Kernan Lough Search Battery, Gilford, Co. Down

Kernan Lough is a popular fishing spot near Gilford in Co. Down but in the early 1940s, it was home to a Searchlight Battery Unit of the Ulster Home Guard.

Kernan Lough

Kernan Road


Co. Down

BT63 6BX

United Kingdom

Kernan Lough lies in the rolling County Down hills between Gilford and Banbridge. It is a popular fishing spot and each year, Gilford Angling Club stock the waters with fish. During World War Two, it was the setting for a remote Searchlight Battery.

Buildings at Kernan Lough

A series of small ruined red-brick buildings stand overlooking Kernan Lough, near Gilford in Co. Down. A few men from the local Home Guard manned this position. Photo taken on 10th September 2016.

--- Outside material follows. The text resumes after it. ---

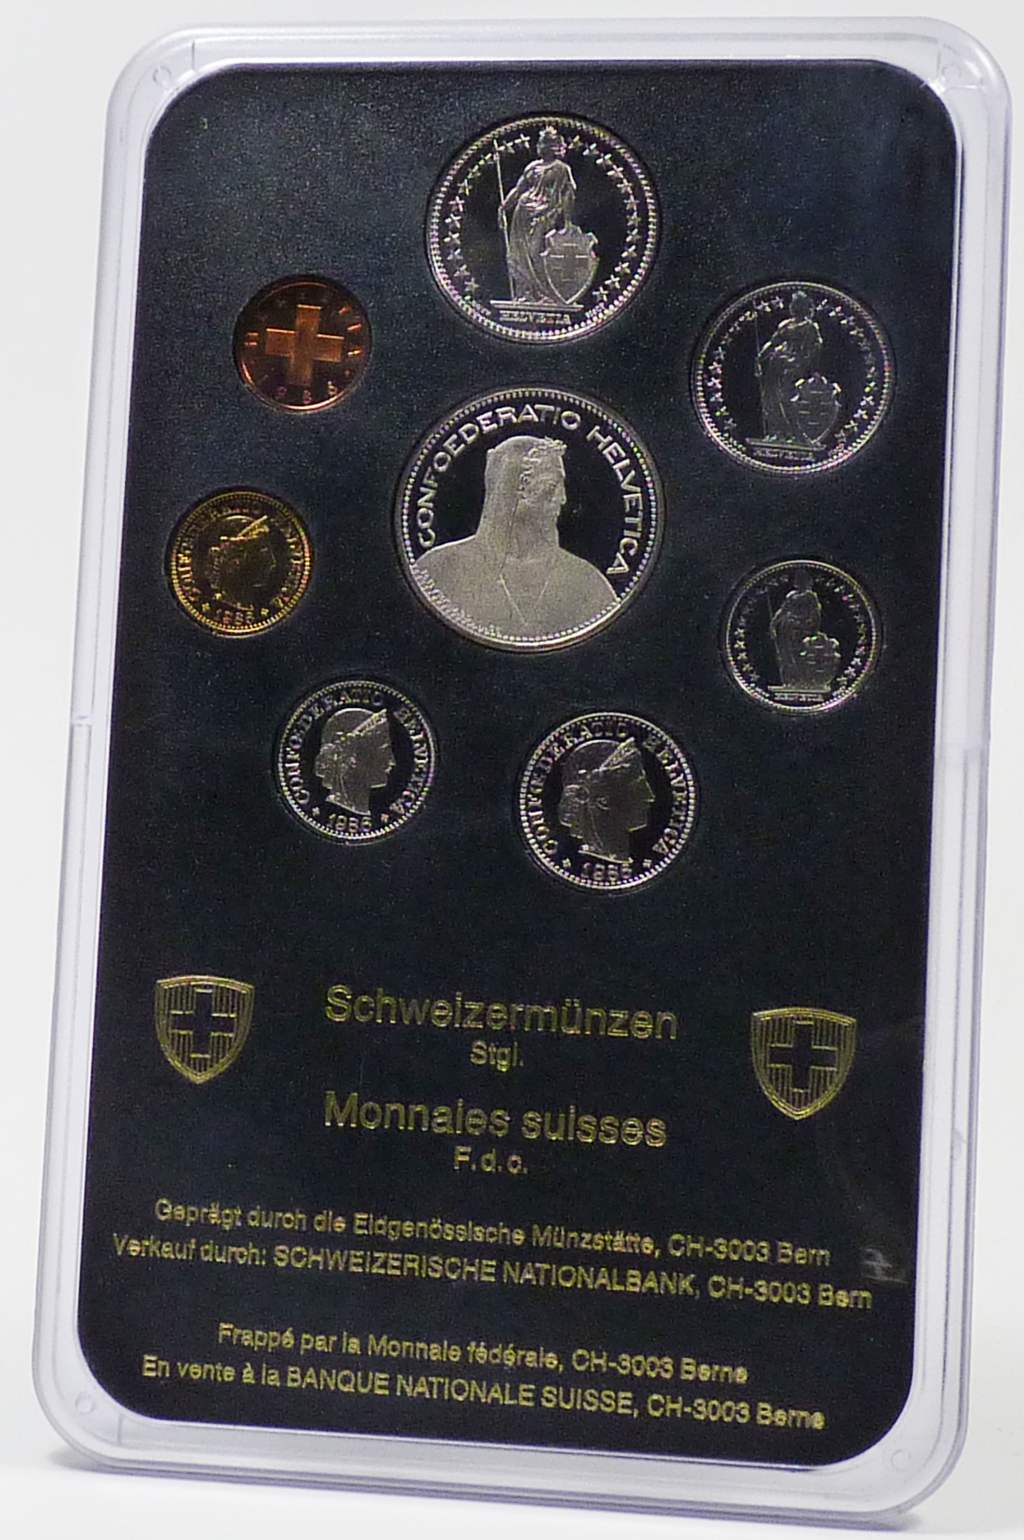 Schweiz Kursmünzensatz 1985 stempelglanz OVP

The searchlights of Kernan Lough

In 1940, the home front expected a Nazi air attack on Northern Ireland would approach from the south. Planes would sweep in over Newcastle in Co. Down and follow the Dublin railway lines to Belfast.

Kernan Lough Battery

Stopping at the junction of Kernan Road and Lough Road on the way to the popular fishing spot of Kernan Lough, you can see a cluster of brick buildings that were once part of a searchlight battery. Photo taken on 10th September 2016.

On high ground over Kernan Lough, a cluster of four red brick buildings became a searchlight battery. From here, high-powered beams scanned the night skies, watching for enemy bombers and fighters.

These buildings only housed a few men at a time. As well as manning the searchlights, they also had the task of guarding the lough. Advances in technology meant Germans could now land seaplanes in Northern Irish waters.

Gateway to Kernan Lough site

A rusted gate may be the original entryway into the former searchlight battery site overlooking Kernan Lough in Co. Down. Nowadays it keeps cattle or sheep in the surrounding fields. Photo taken on 10th September 2016.

The battery today

Seventy-five years later, these buildings still stand. Once home to a Home Guard Searchlight Battery Unit, they are still whitewashed as they were in the 1940s. In some rooms, the unit has left their mark for future generations to observe. While they may be in ruins and shelter livestock, they are a rare example of remaining World War Two era structures. Looking at the buildings, there are thick protective blast walls covering the doors. A nearby building in an adjacent field which housed the lights has since been demolished.